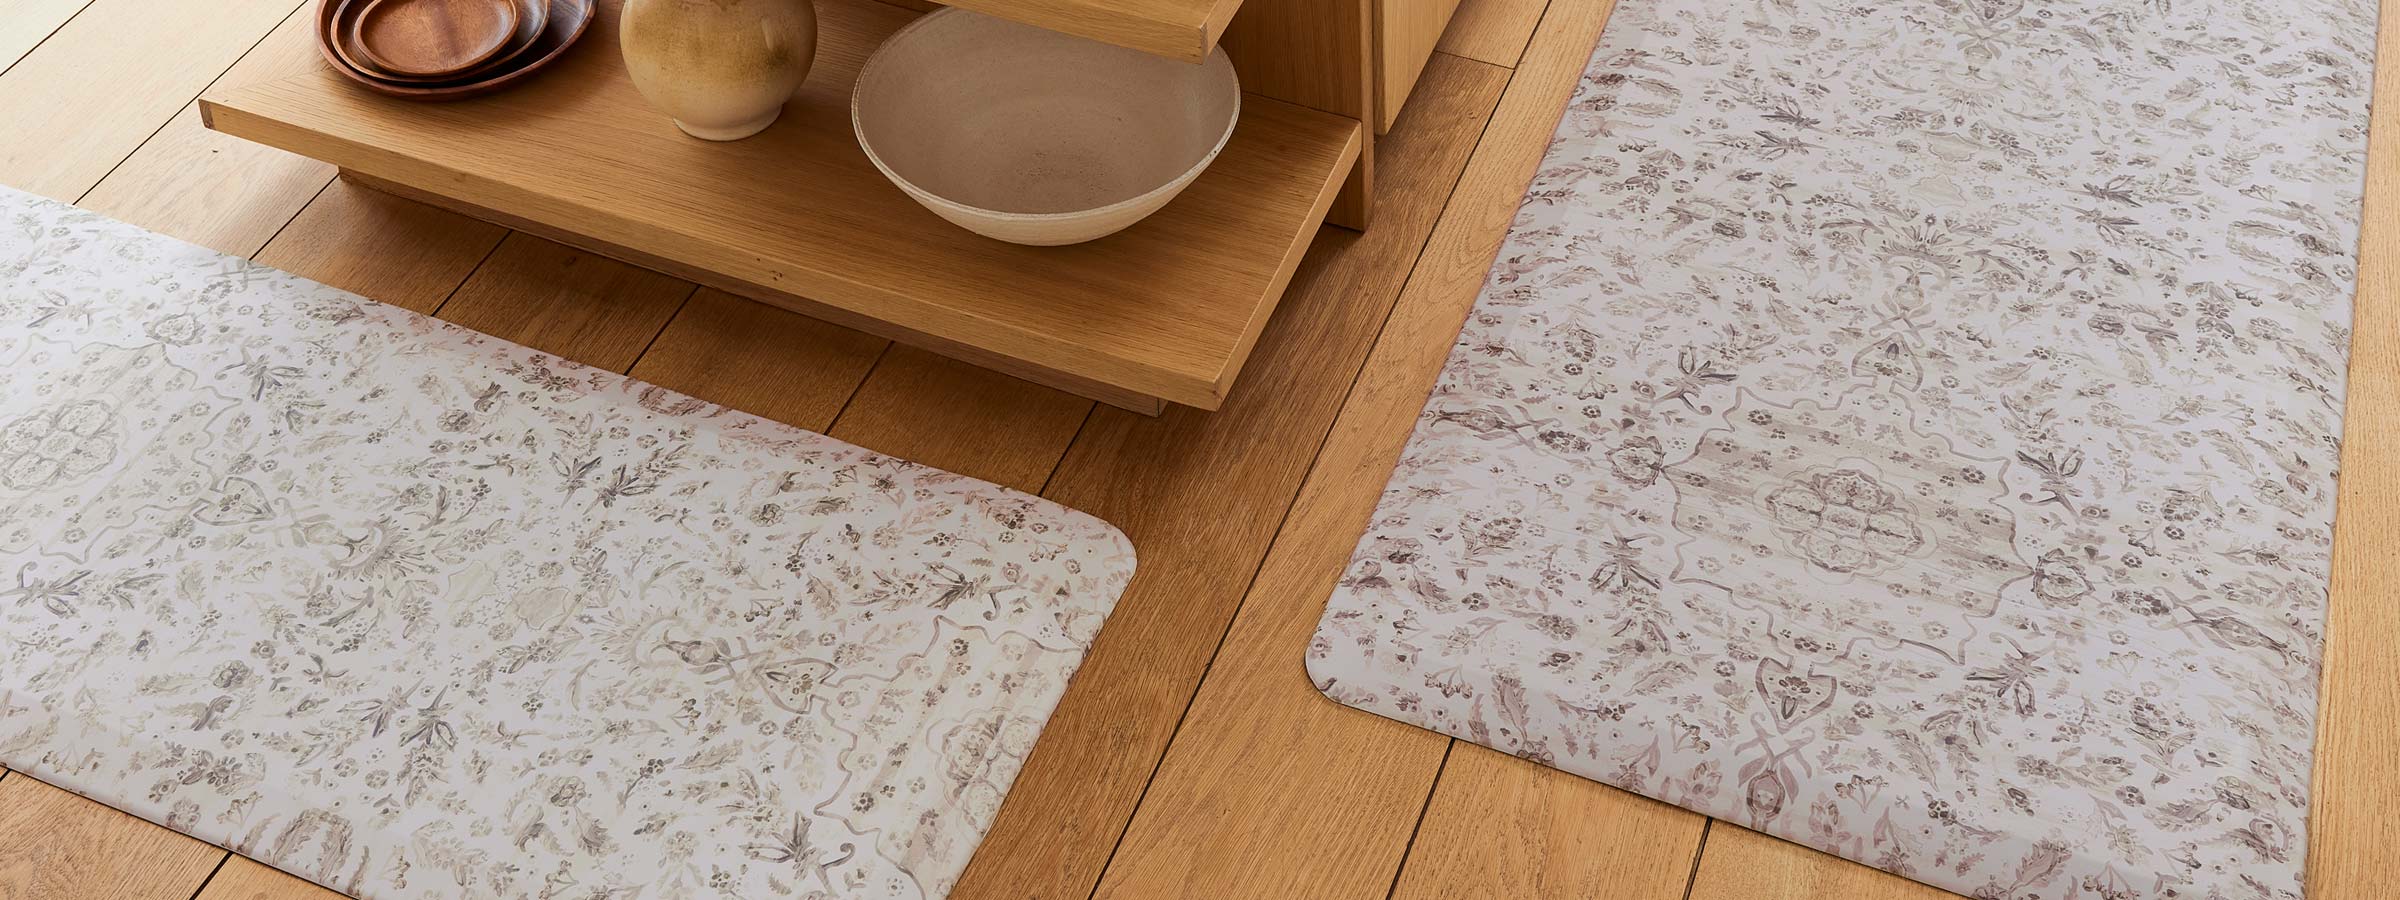 Emile latte neutral floral kitchen mat in size 30x108 shown with womans feet in kitchen
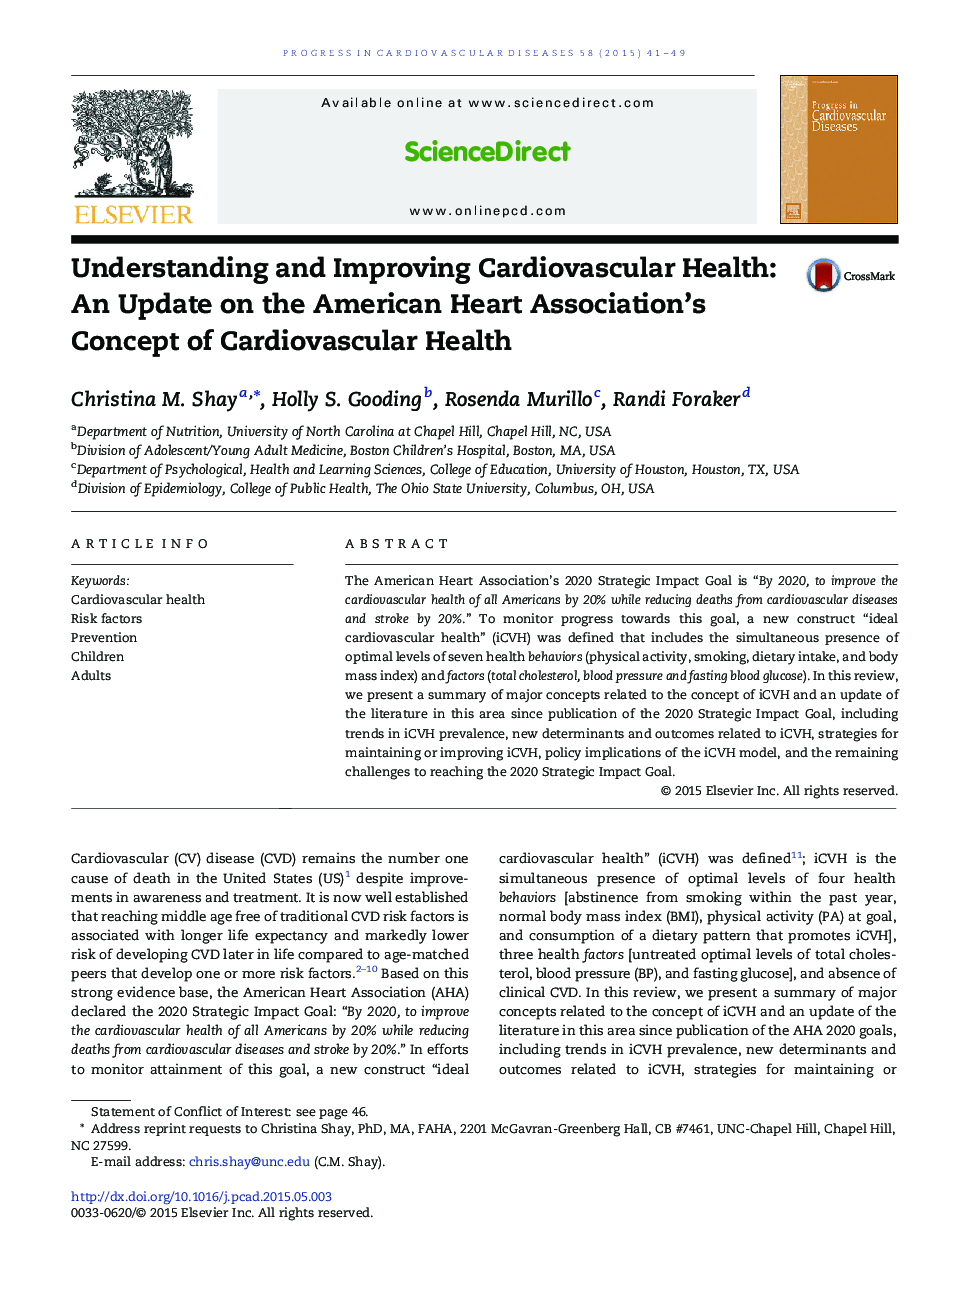 Understanding and Improving Cardiovascular Health: An Update on the American Heart Association's Concept of Cardiovascular Health 
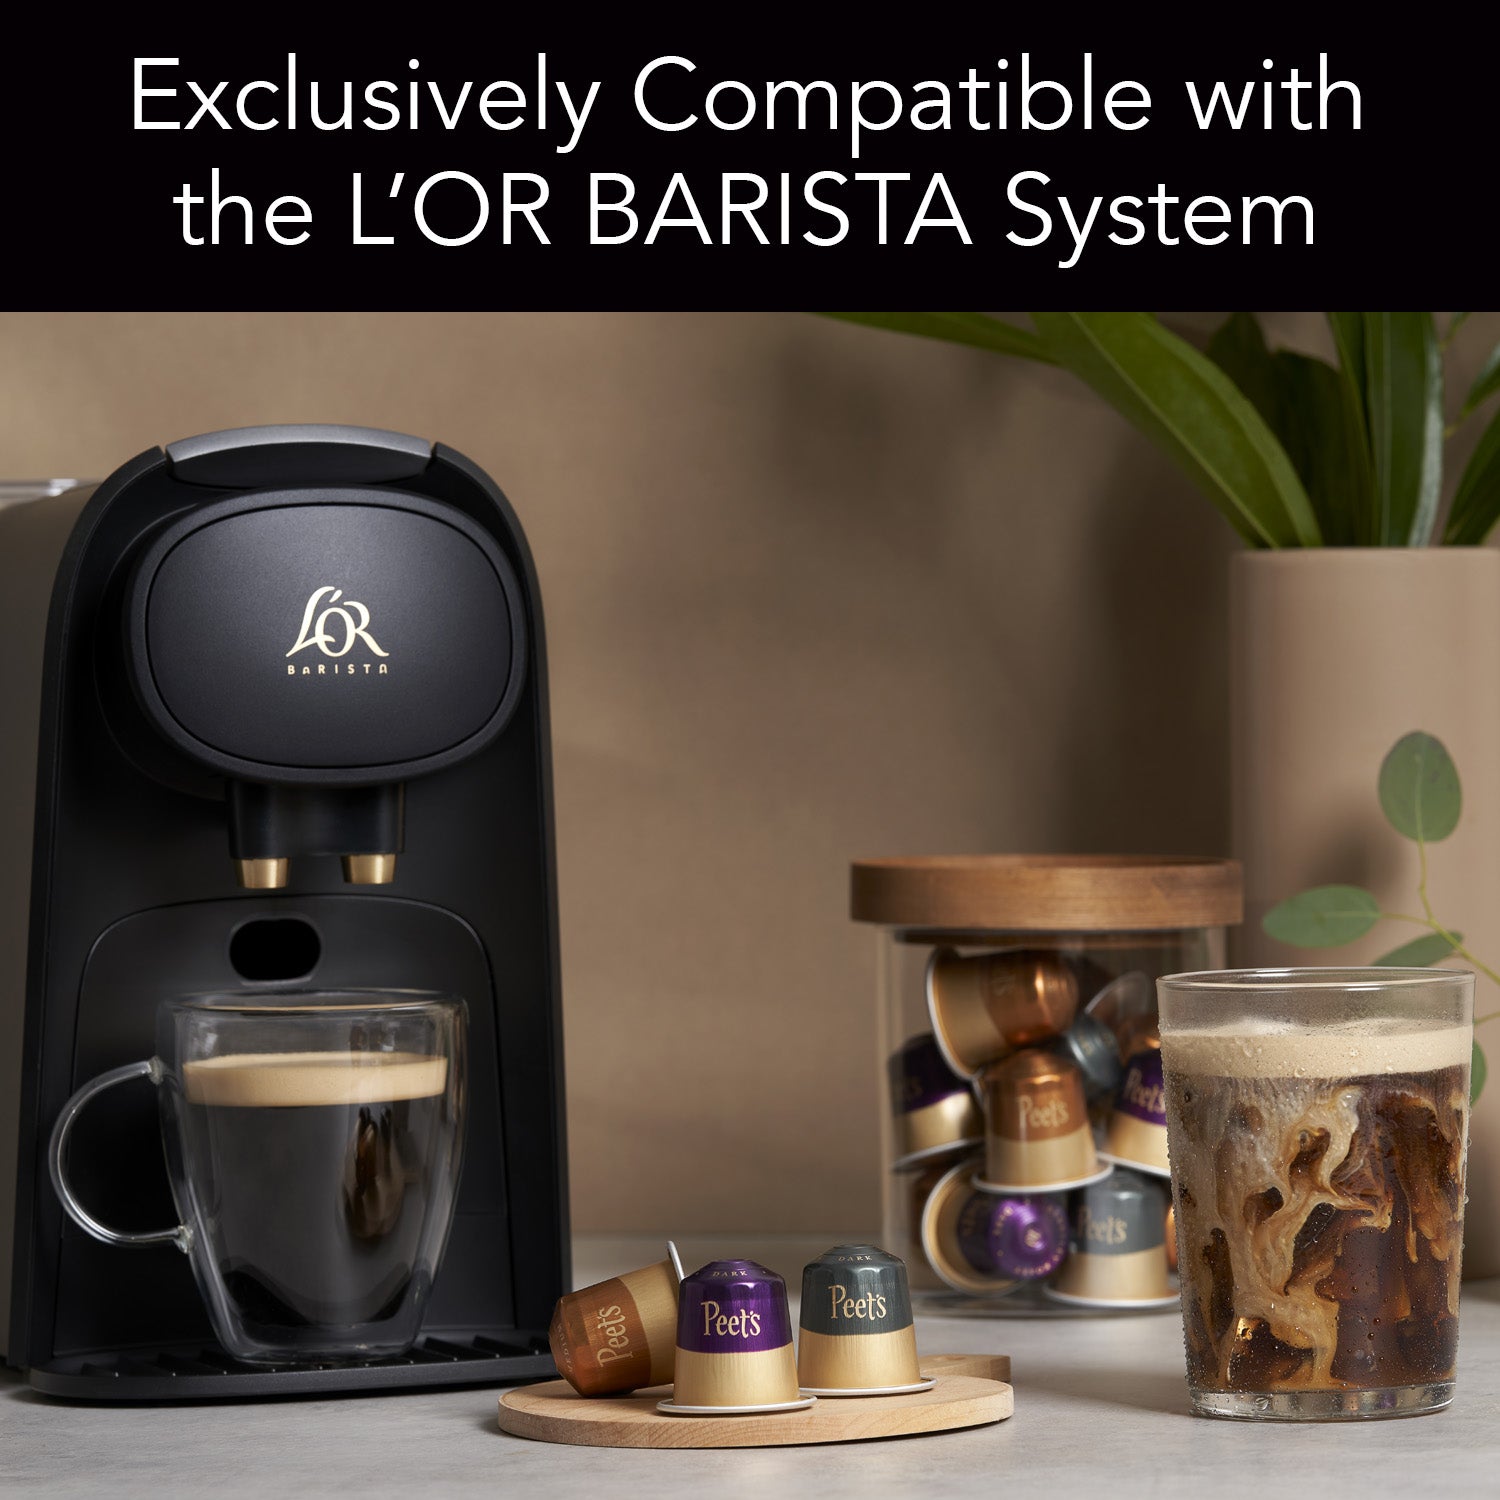 L'OR Barista System Coffee and Espresso Machine with 30 Peet's Cafe  Collection Coffee Pods
※ ※ ※
■ Task objective ■
Output the full material above exactly, leaving every picture out.

■ Exercise solution ■
 Emile latte neutral floral kitchen mat in size 30x108 shown with womans feet in kitchen
 Understanding and Improving Cardiovascular Health: An Update on the American Heart Association's Concept of Cardiovascular Health 
 L'OR Barista System Coffee and Espresso Machine with 30 Peet's Cafe  Collection Coffee Pods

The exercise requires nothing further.